What I am talking about of course is customizing new born children. It is not hard to pick and choose traits, it is not even that hard to cross species. Then, anything that isn’t done genetically can almost always be accomplished cybernetically or physically.

This is the privilege that initially was only available to some and which was abused by several. Classism became biological as well as economic. The rich grew children with special abilities. They built savants and synaesthetic. They built mental and physical prodigies of ever type. Even rich adults found ways to improve their bodies either with machines or with surgical additions of new body parts. The poor reproduced the old fashioned way. They fell further and further behind.

It was not until war broke out against a group of people who wished to wipe out inferior humanity that the problem of classism was truly dealt with. It is sad that clone and chimera armies of mean superhumans had to come into being before we decided to take the initiative to fully and fairly regulate the gene trade, the cyber-augmentation trade, and the physical splicing trade.

Now anyone has the right to change one’s body or the body of one’s progeny. However, for those augmentations which are considered dangerous or wrong, special licenses must be maintained and the subject must agree to the procedure. Newborn chimera humans are illegal.

The regulations have functioned with a large margin of success over the last few decades, but with so many new colonies being formed off planet, it may no longer be possible to regulate what humanity becomes.

Dr. Brain

April 10, 2009

I, doctor brain, have discovered the V-stream. This is the layer of energy on which human thought travels. I am currently creating a machine so powerful, it will effectively turn human kind into a hive mind. Mwahahahahahahaha.

Later…

Most of humanity didn’t do so well with the hive mind. Most of humanity is dead. We who remain feel ambivalently about most things. We may choose to turn off the machine at some point.

Later…

We choose to create individuals but we cannot ourselves become individuals. We will grow them in pods and send them far from earth. We hope they will prosper and that this will be adequate atonement for the xenocide that Dr. Brain effectively committed.

Later…

Success!

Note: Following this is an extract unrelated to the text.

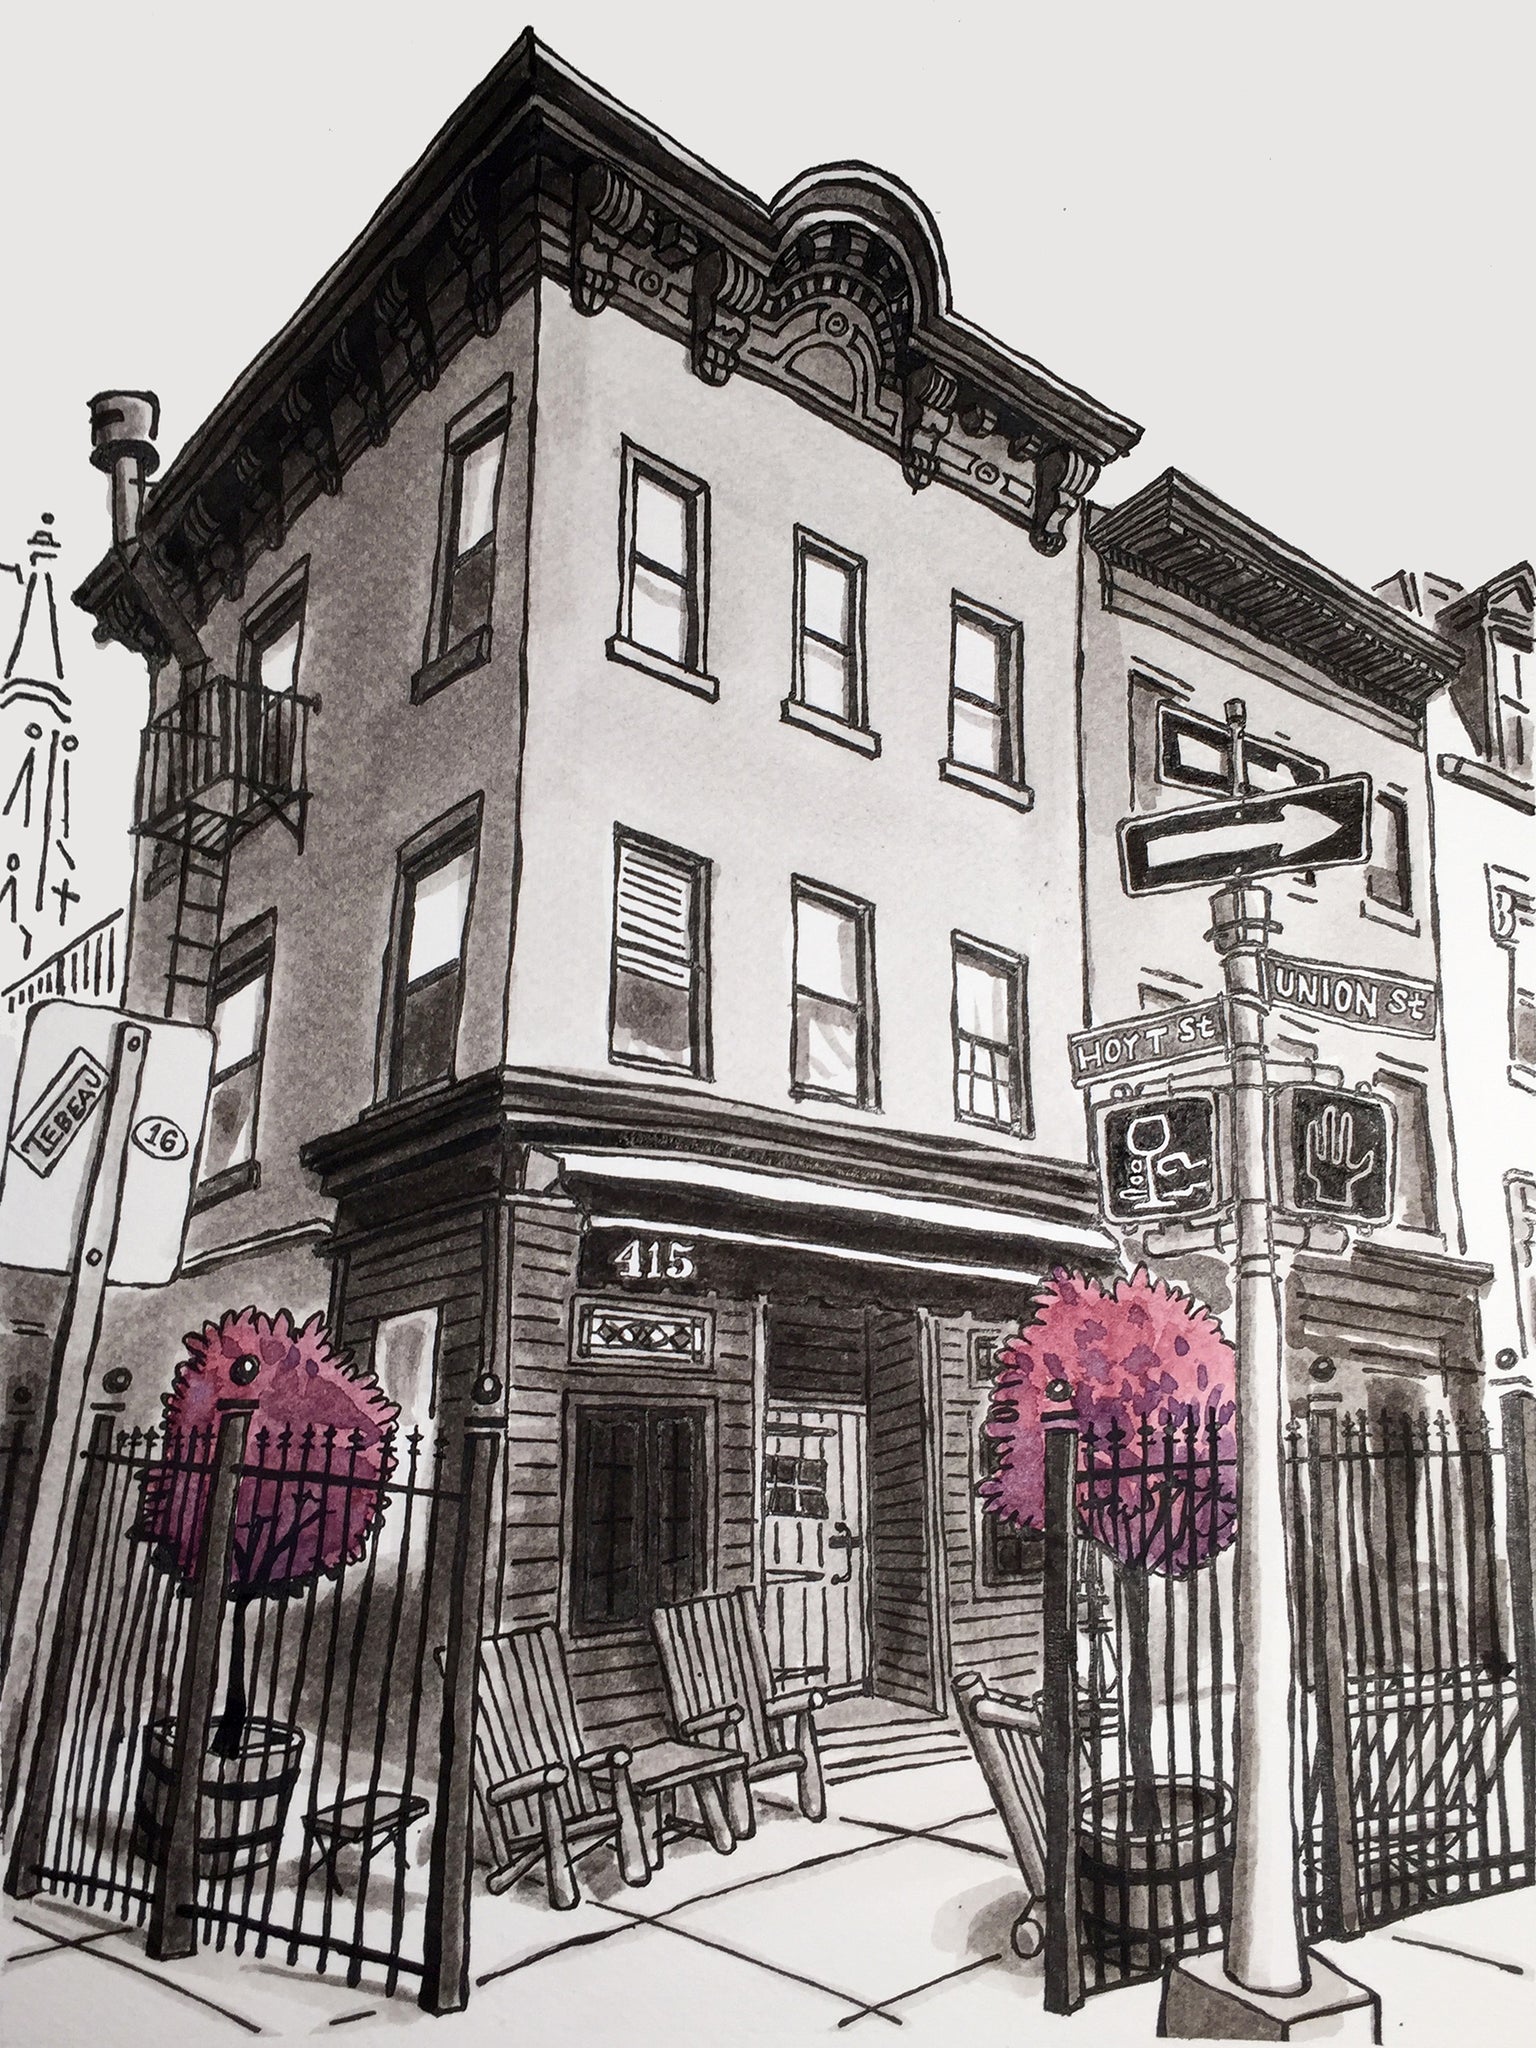 Black Mountain Wine House of Brooklyn, New York signed prints. (ships free in the US)

We are very happy. We are very bored. Hmm. Perhaps we will colonize something.

Later…

Are individual human cousins do not understand us. They have declared war. We will flee rather than fight.

Later…

They are persistent. We will destroy them and try making individuals again later.

Heart Felt

April 8, 2009

We all have hearts. I don’t mean the organ. I don’t mean the one inside you that keeps the beat of your biology. I mean your heart of hearts.

We all have hearts. They are made of felt. Some are stuffed. Some are not stuffed. They all hang in a dusty old closet in a creaky green house.

I visited that house once. I have forgotten how to get there. Have you been there? Do you remember the way?

So many forgotten hearts. So many many. But what is this? There is a piece of felt in my pocket. Perhaps a tiny piece of heart felt.

Energy

April 2, 2009

For the first time in history, humanity possesses a surplus of pollution free energy all over the world. Wind and Solar are primarily responsible, however alternative energies continue to augment our already efficient energy reserves. Now that energy is virtually free, we can begin the next great cycle of modernization.

Cheap transportation is one of the keystones to global economic success. We are constructing a new system of airways for electric aircraft. All transportation is being given wireless recharging capabilities, and the combustion engine is being gradually phased out. Soon we will have a world of truly free travel.

The other major field that is in need of modernization is of course agriculture. Organic garden systems and tower garden systems are solving this issue. We will soon perfect these arts so that any town can grow its own food easily and efficiently.

The area of study that I most wish to expand, unpopular as it may be, is space exploration. If we can make contact other creatures like ourselves, learn to terra-form, or discover large deposits of useful resources, we can ensure humanity’s long time survival in the universe.

As my final act as president of the world, I am tripling the global science fund.